• Problem requirements: Exactly as written, output each of the lines below, with no images.
(Information provided Opens)
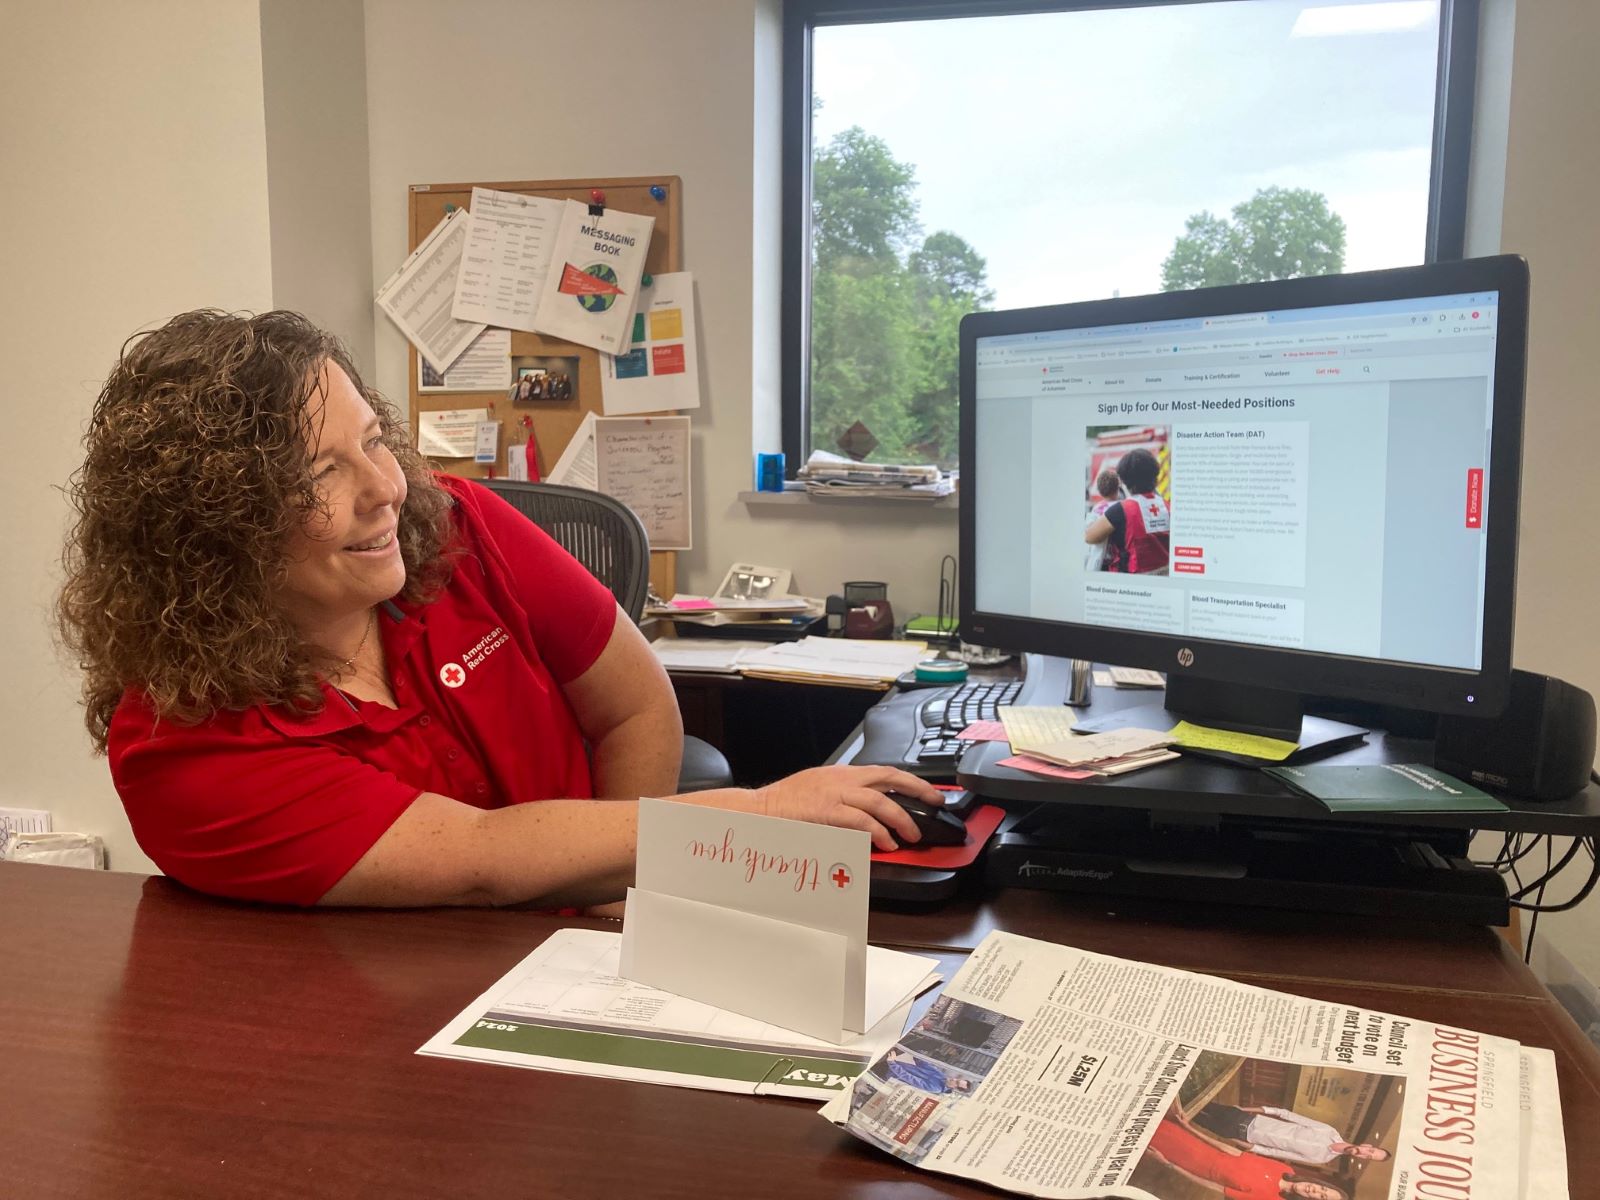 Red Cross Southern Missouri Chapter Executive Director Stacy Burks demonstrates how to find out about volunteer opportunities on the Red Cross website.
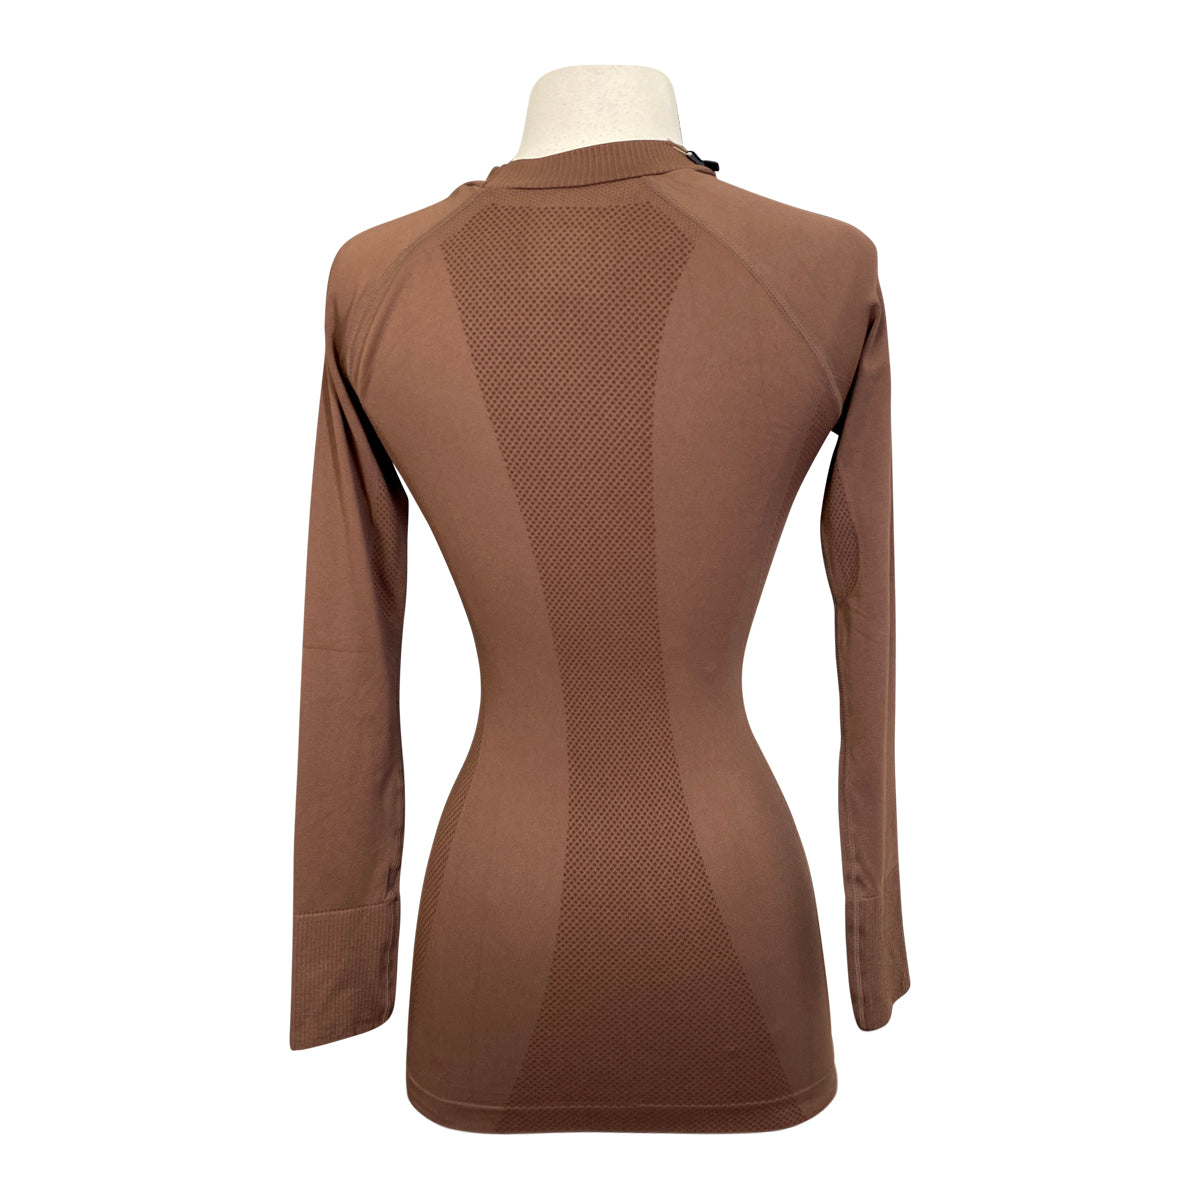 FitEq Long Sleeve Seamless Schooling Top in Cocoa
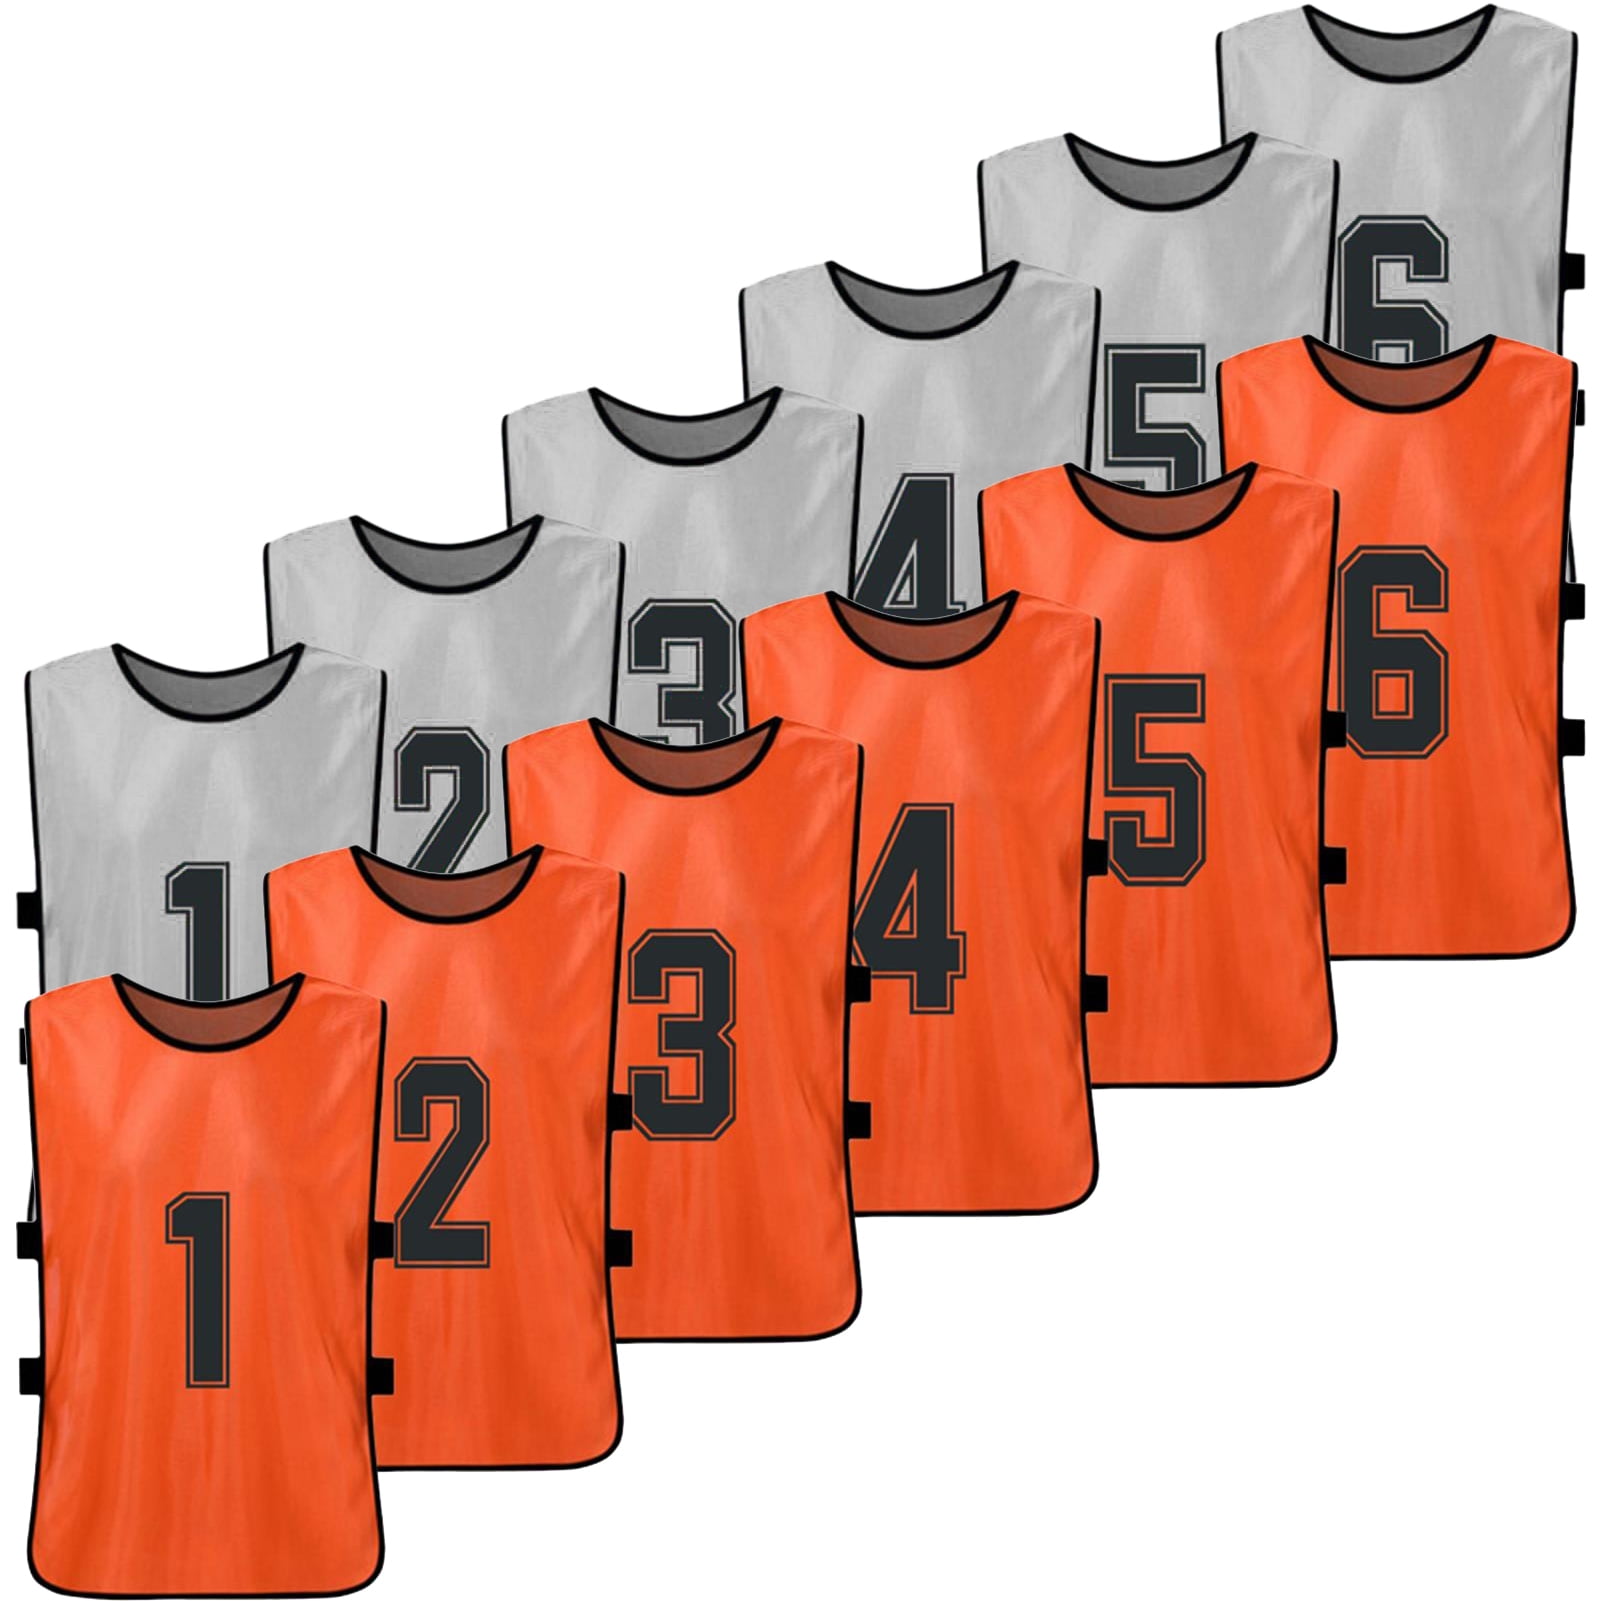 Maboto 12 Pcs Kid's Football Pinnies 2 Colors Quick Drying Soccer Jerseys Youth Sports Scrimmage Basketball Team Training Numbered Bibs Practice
(Information provided Closes)
• Exercise output:
 Red Cross Southern Missouri Chapter Executive Director Stacy Burks demonstrates how to find out about volunteer opportunities on the Red Cross website.
 FitEq Long Sleeve Seamless Schooling Top in Cocoa
 Maboto 12 Pcs Kid's Football Pinnies 2 Colors Quick Drying Soccer Jerseys Youth Sports Scrimmage Basketball Team Training Numbered Bibs Practice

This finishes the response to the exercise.